By S. Brent Plate
You lie on your back in a cool summer's grass, staring at the clouds. Familiar shapes begin to emerge, depending on your perspective and imagination: a rabbit here, a human figure there, a turtle further on. Or perhaps, you sit in a comfortable seat and wear odd glasses and stare into the luminescent world of Pandora. Familiar stories begin to emerge, depending on your perspective and imagination: a tale of American colonization, a cheap rip-off of Pocahantas or Russian science fiction, an allegory for the Chinese industrialization process.
In his New York Times article, Dave Itzkoff outlined the many ways in which James Cameron's Avatar has been praised and/or condemned, the ways viewers have interpreted the movie as an allegory for this or that, the way it might even serve as a "Rorschach test for your personal interests and anxieties." Indeed, it is a curious phenomenon. Not unlike staring at the clouds. But, how and why does Avatar evoke such a variety of responses?
Beg. Borrow. Steal.
Avatar does the same things traditional mythologies do: it begs, borrows, and steals from a variety of longstanding human stories, puts them through the grinder, and comes up with something new. In modern parlance, art, movies, and myths are "mashups," achieving their goals through the same processes that promoted the iPod to ubiquity: rip. mix. burn. All great artworks, all lasting mythologies, even new technologies, operate in the same way: there is nothing new under the sun. Meanwhile, it is up to the viewers to respond, to make meaning out of a mashup.

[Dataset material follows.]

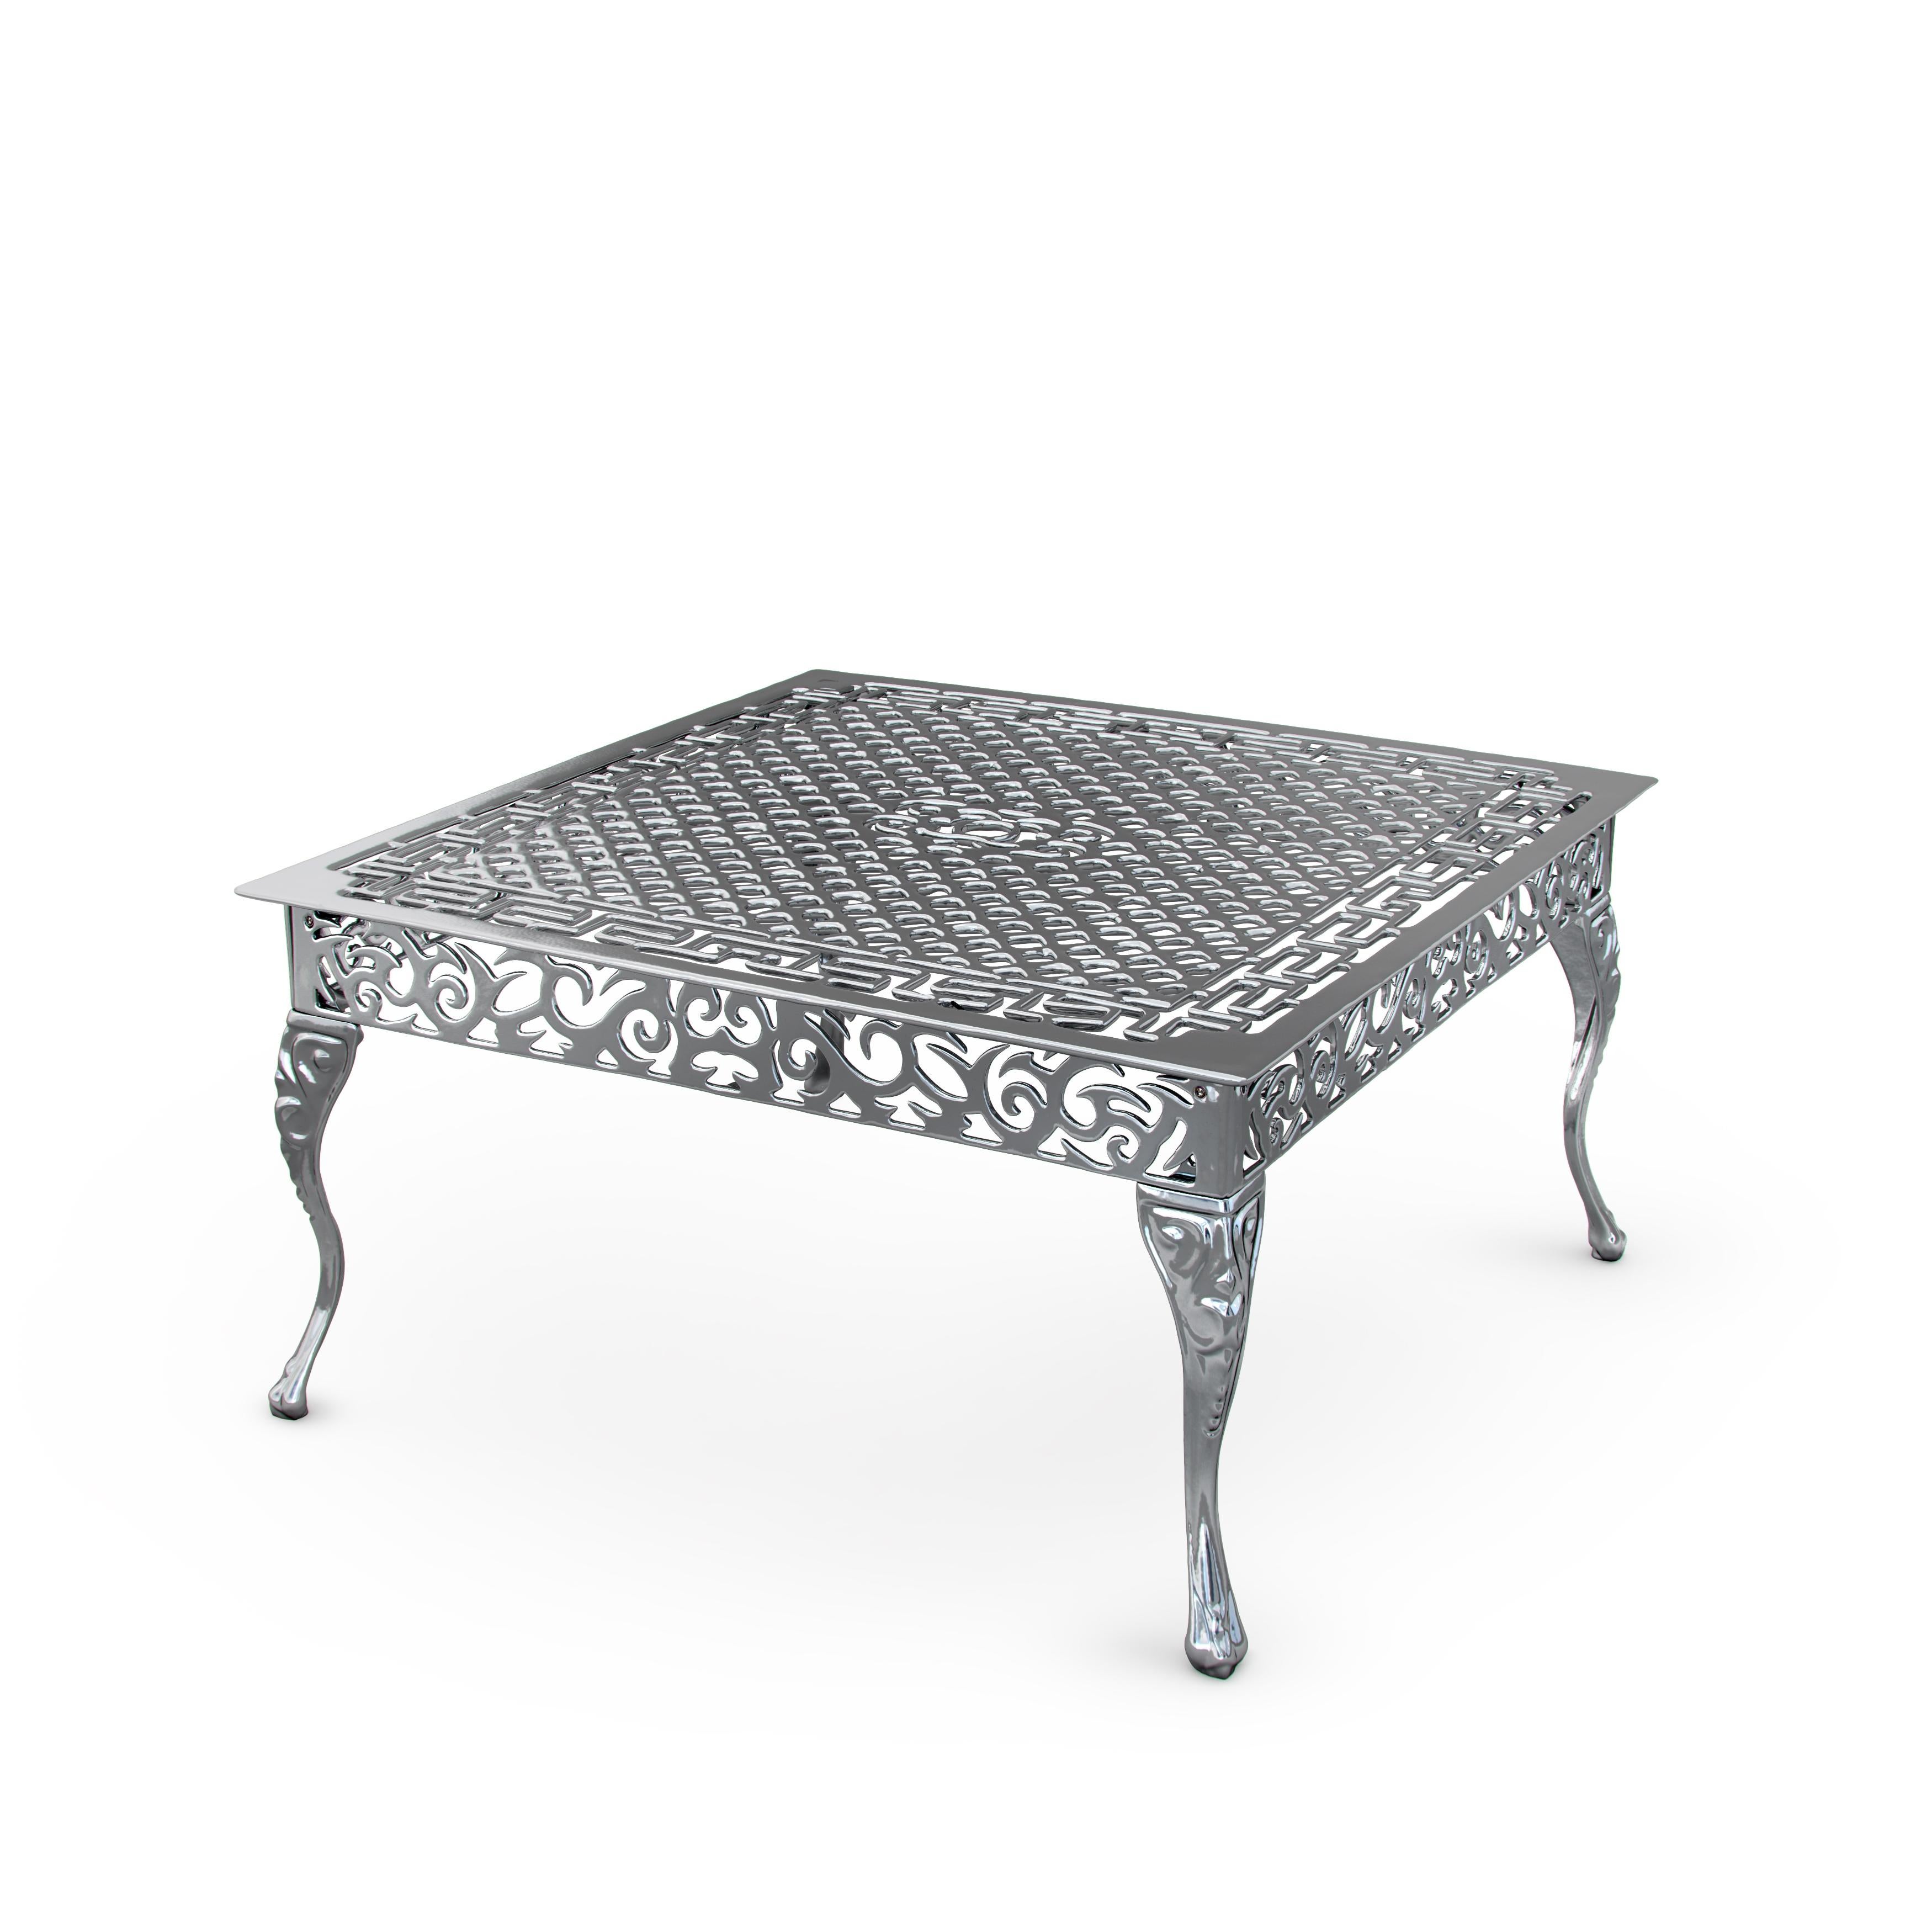 Italian Cama, Outdoor Aluminum Coffee Table with Chrome Finish, Made in Italy For Sale
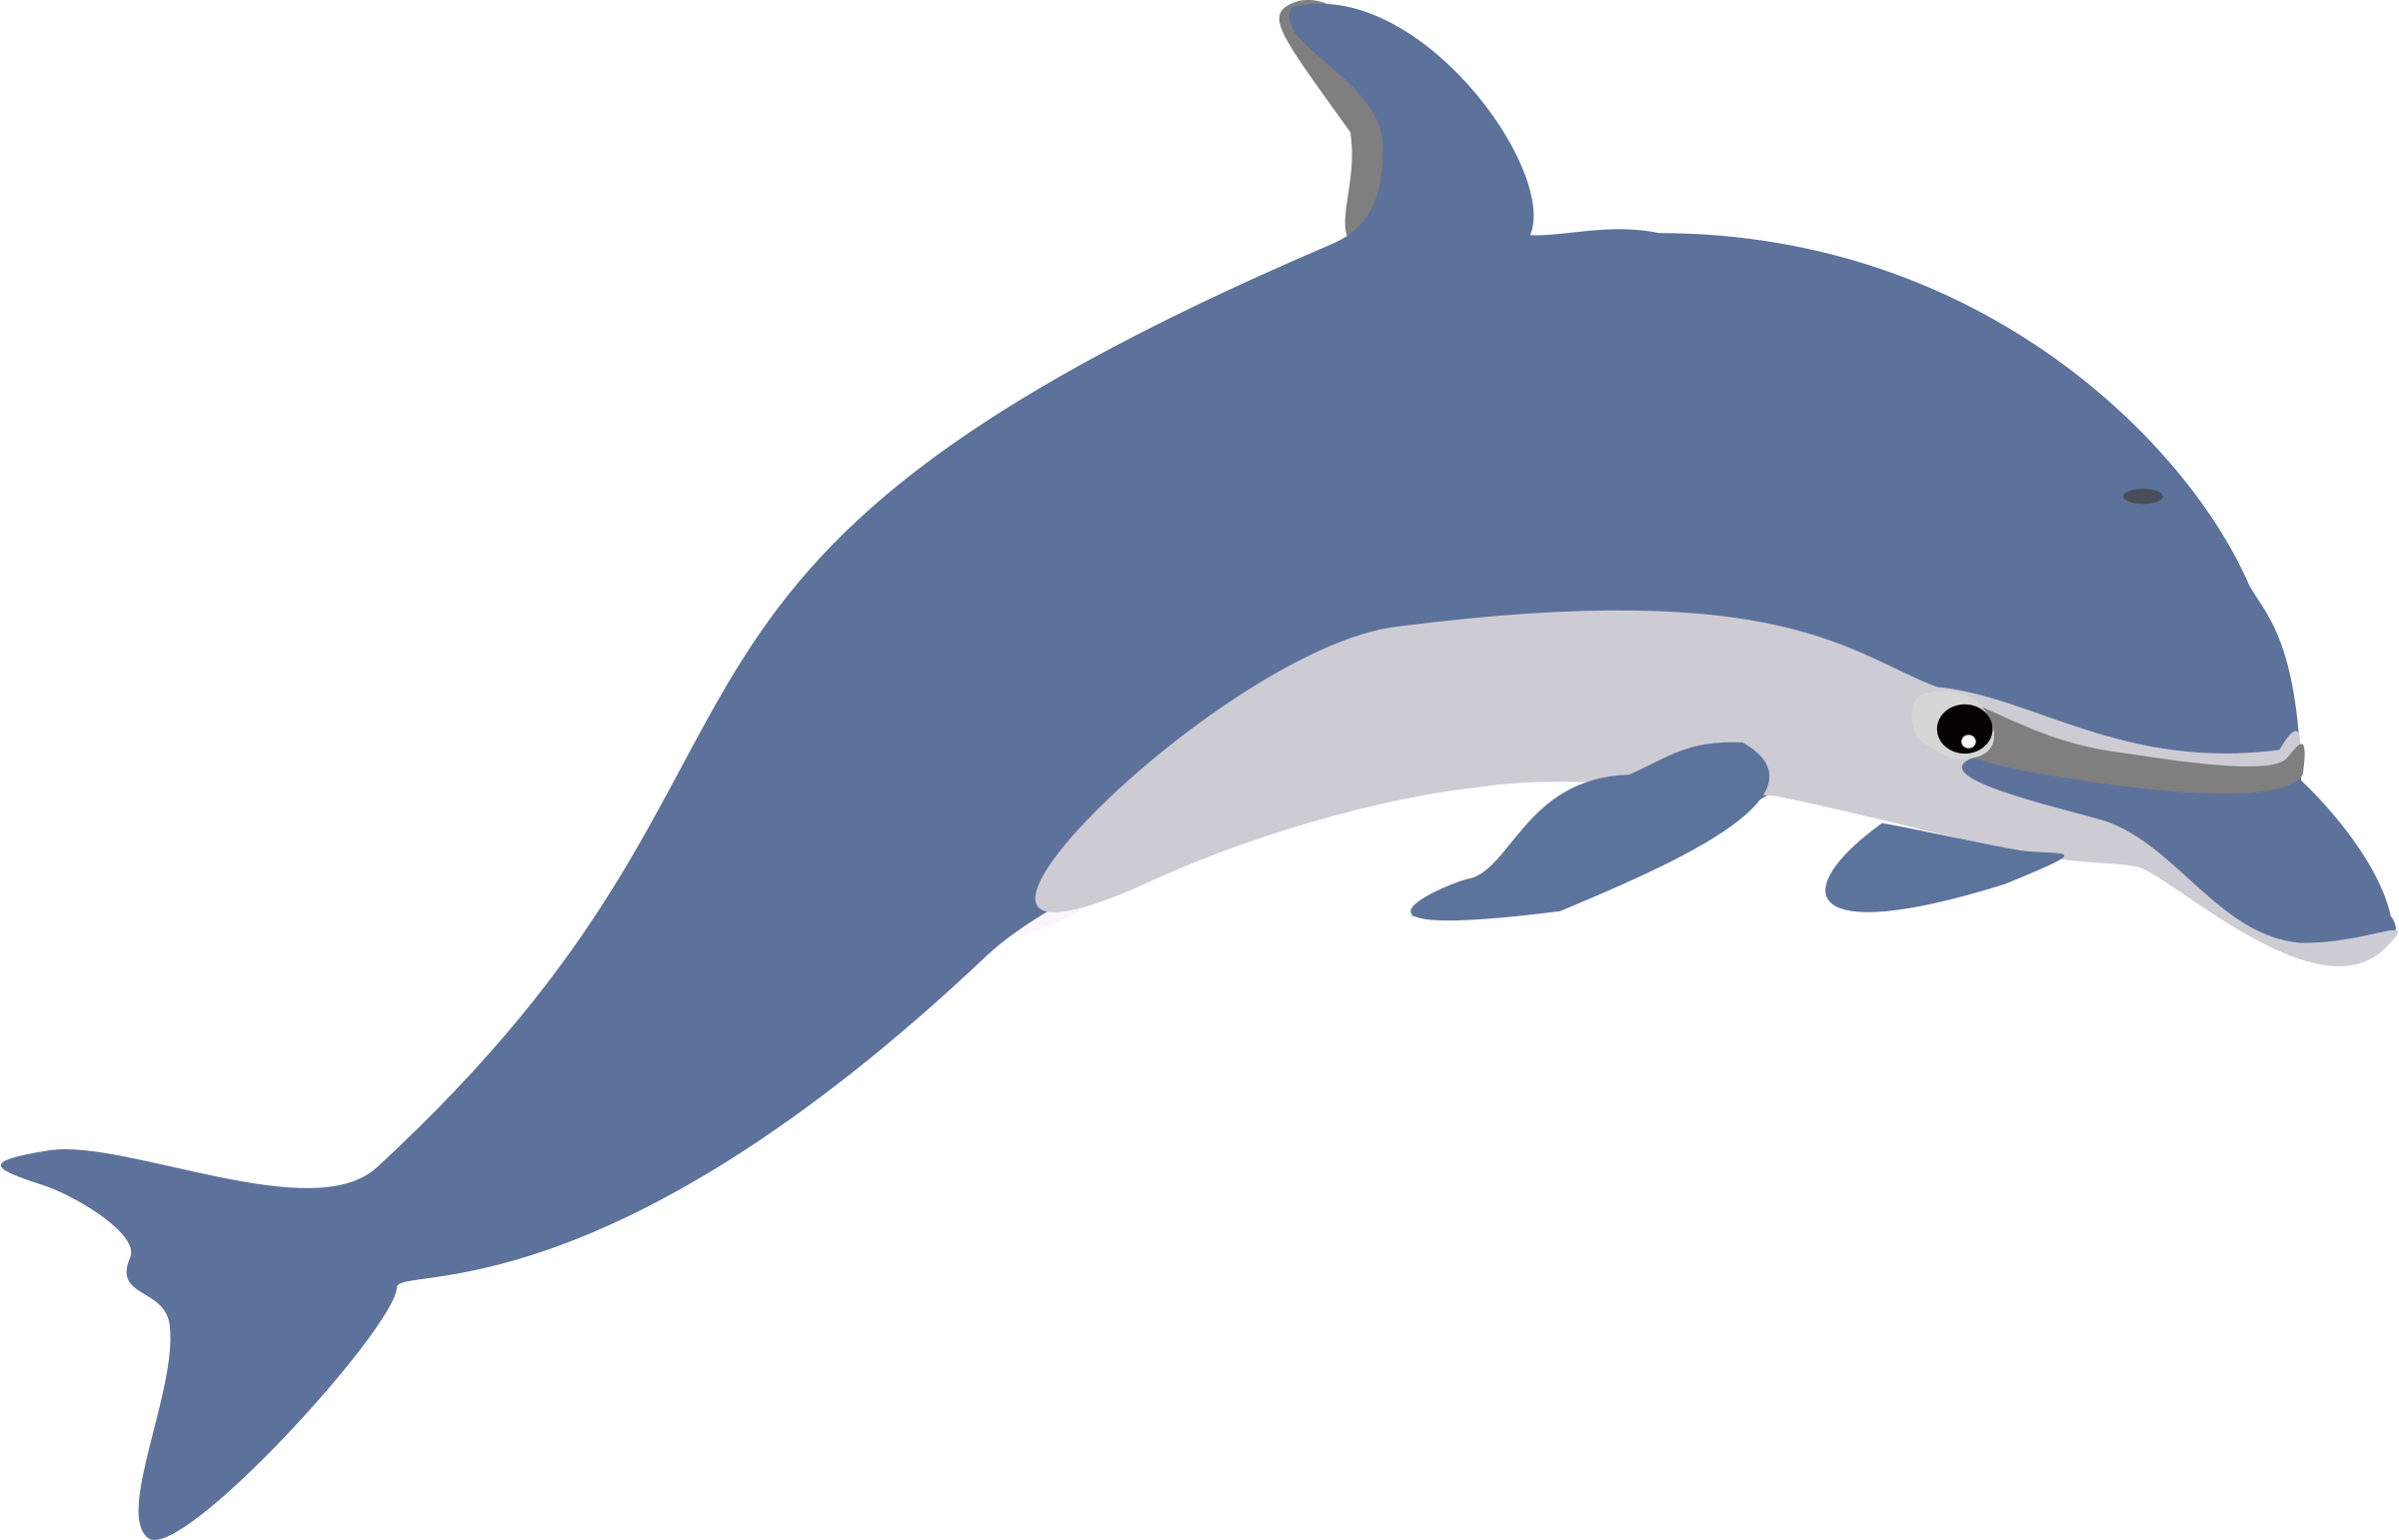 Dolphin Clipart. Dolphin outl

The process of reappropriation does not make any of it lesser art; for it is precisely the mixing and merging of influences that interfaces with a larger tradition, knows where it comes from, where it is, and where it is going. The writers of Genesis borrowed from Babylonian and other Ancient Near-East stories of the creation of the cosmos, reusing it for their own emerging monotheistic society. Over a millennium later, the writer of the Gospel of John proclaimed, "In the beginning was the logos/Word," a phrase appropriated from the ancient Hebrew tradition ("In the beginning God created..."), mixed it with a Greek philosophical understanding of the logos that was crucial for Heraclitus and Plato, and interlaced the older stories with the newly-arisen notion of Jesus of Nazareth as the Christ/Messiah.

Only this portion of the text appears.